### WHAT YOU WILL DO:
The whole listing, pictures aside, should be reproduced exactly.

### INFORMATION PROVIDED:
▶

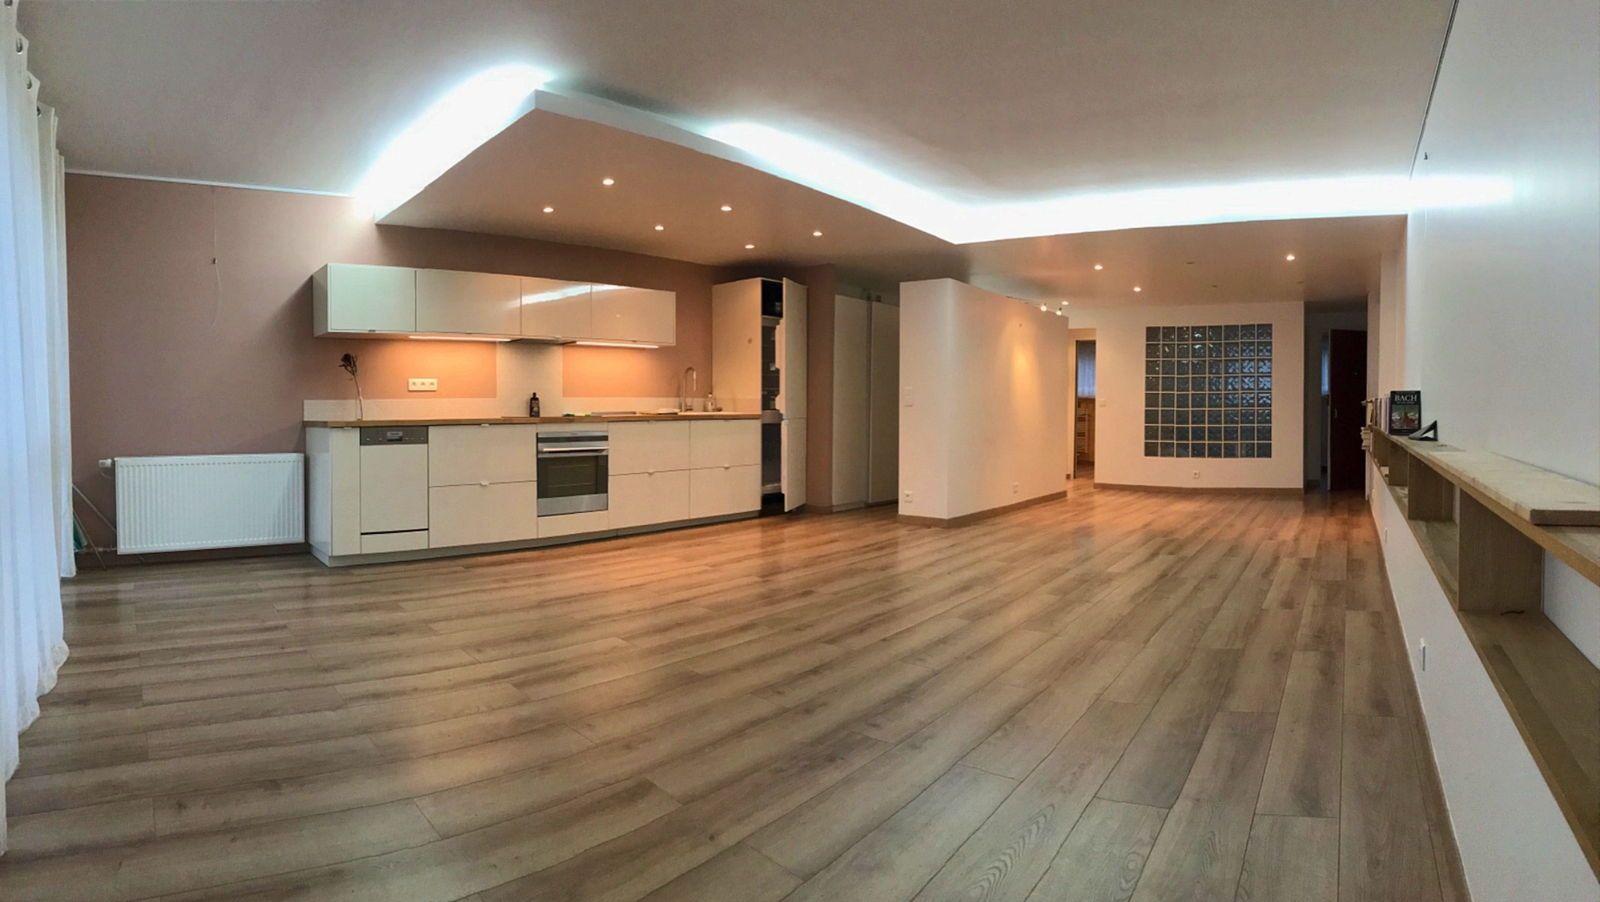 Vends magnifique 2pièces 74m² à Montreuil (93)
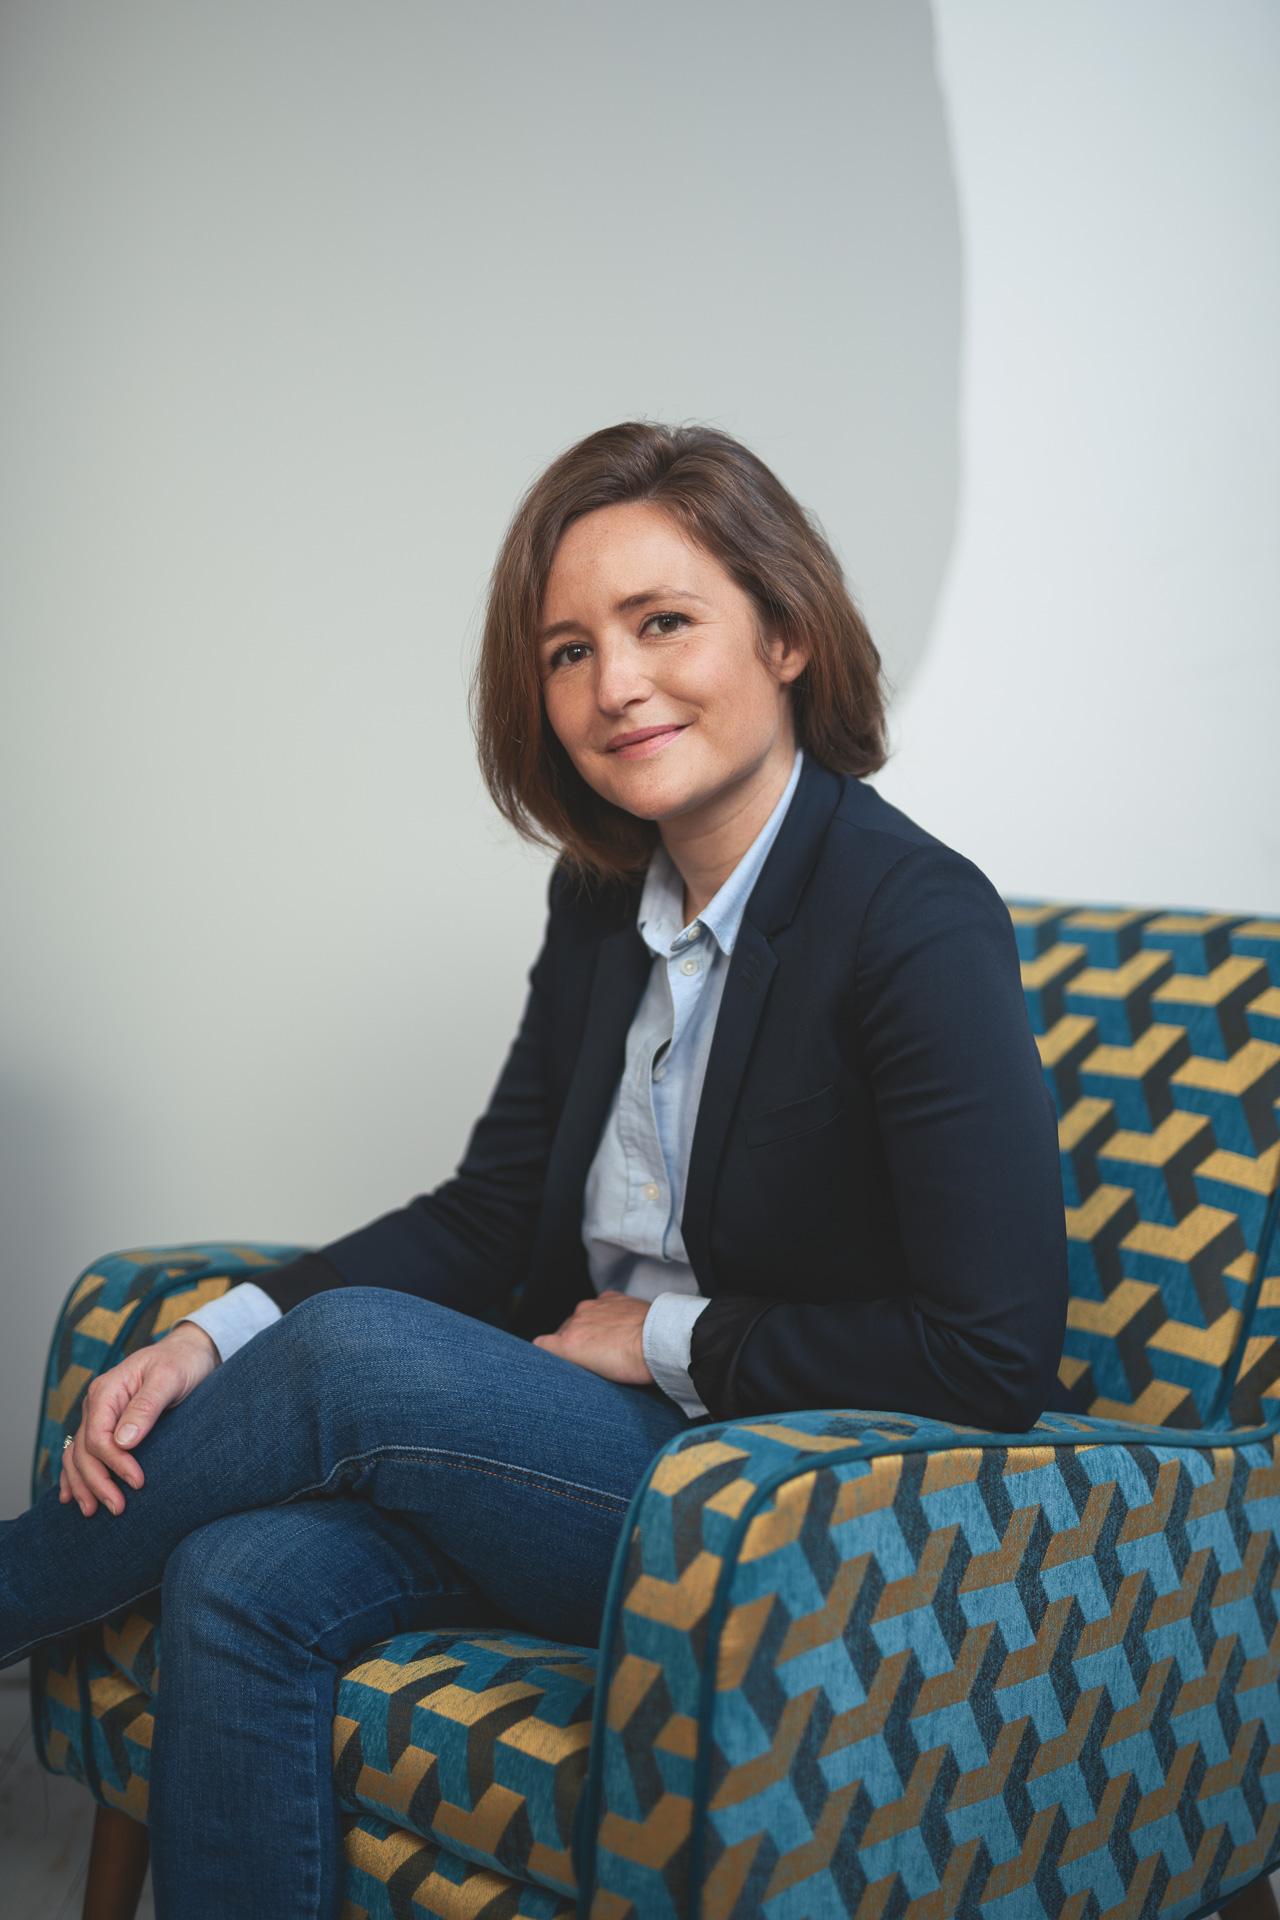 Aurélien AUDY Photographe LYON - portrait entreprise avocats (1)
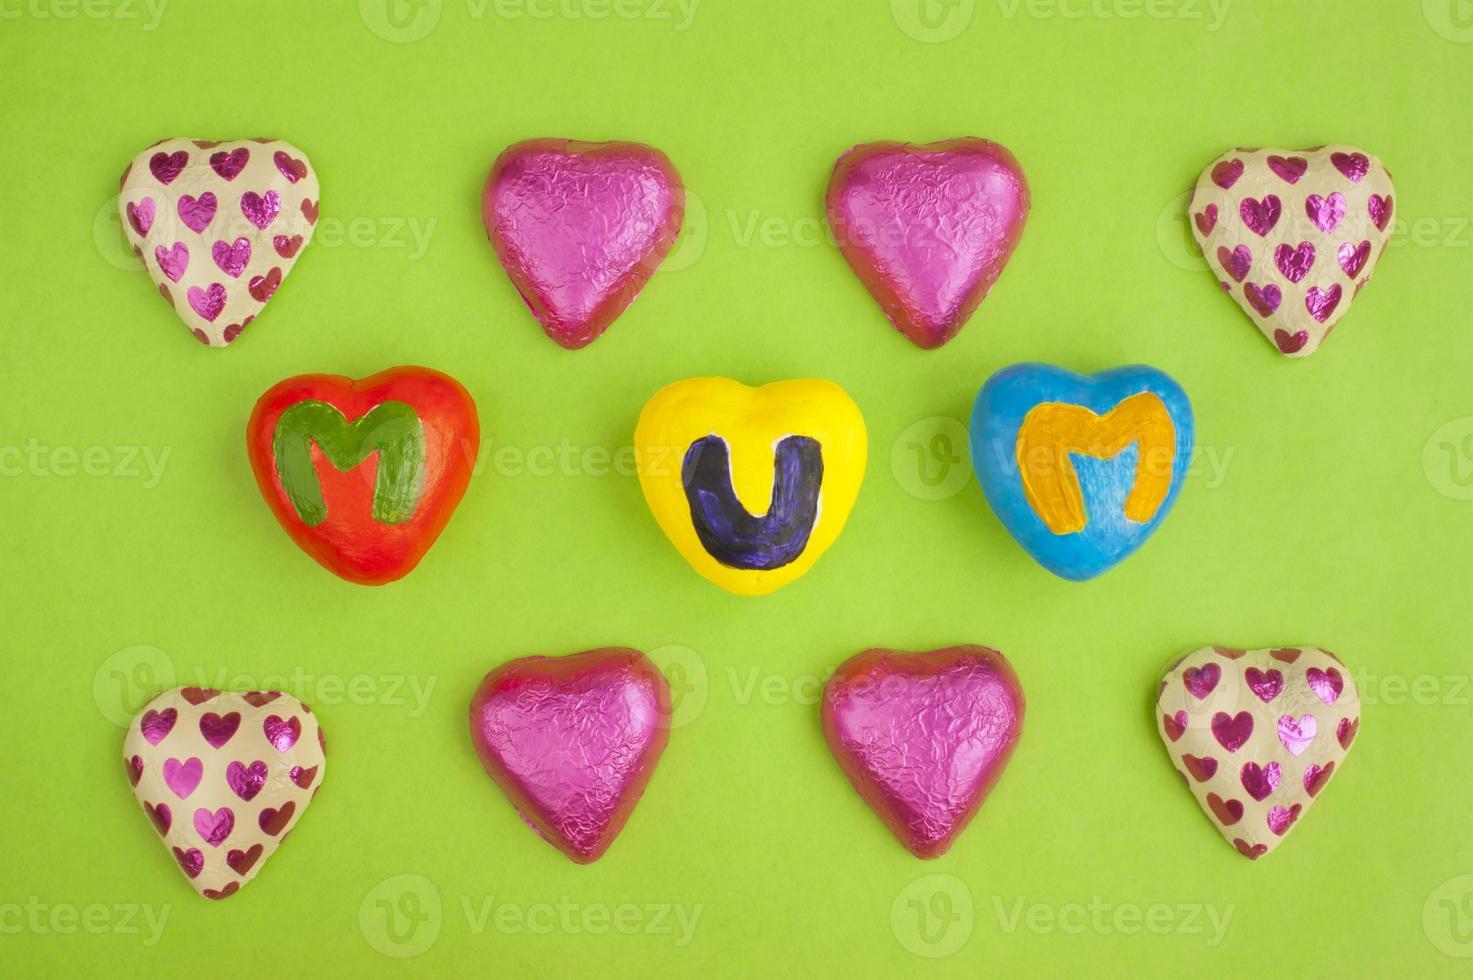 cœurs et chocolats pour la fête des mères. photo

◀

### RESULT BELOW:
 Vends magnifique 2pièces 74m² à Montreuil (93)
 Aurélien AUDY Photographe LYON - portrait entreprise avocats (1)
 cœurs et chocolats pour la fête des mères. photo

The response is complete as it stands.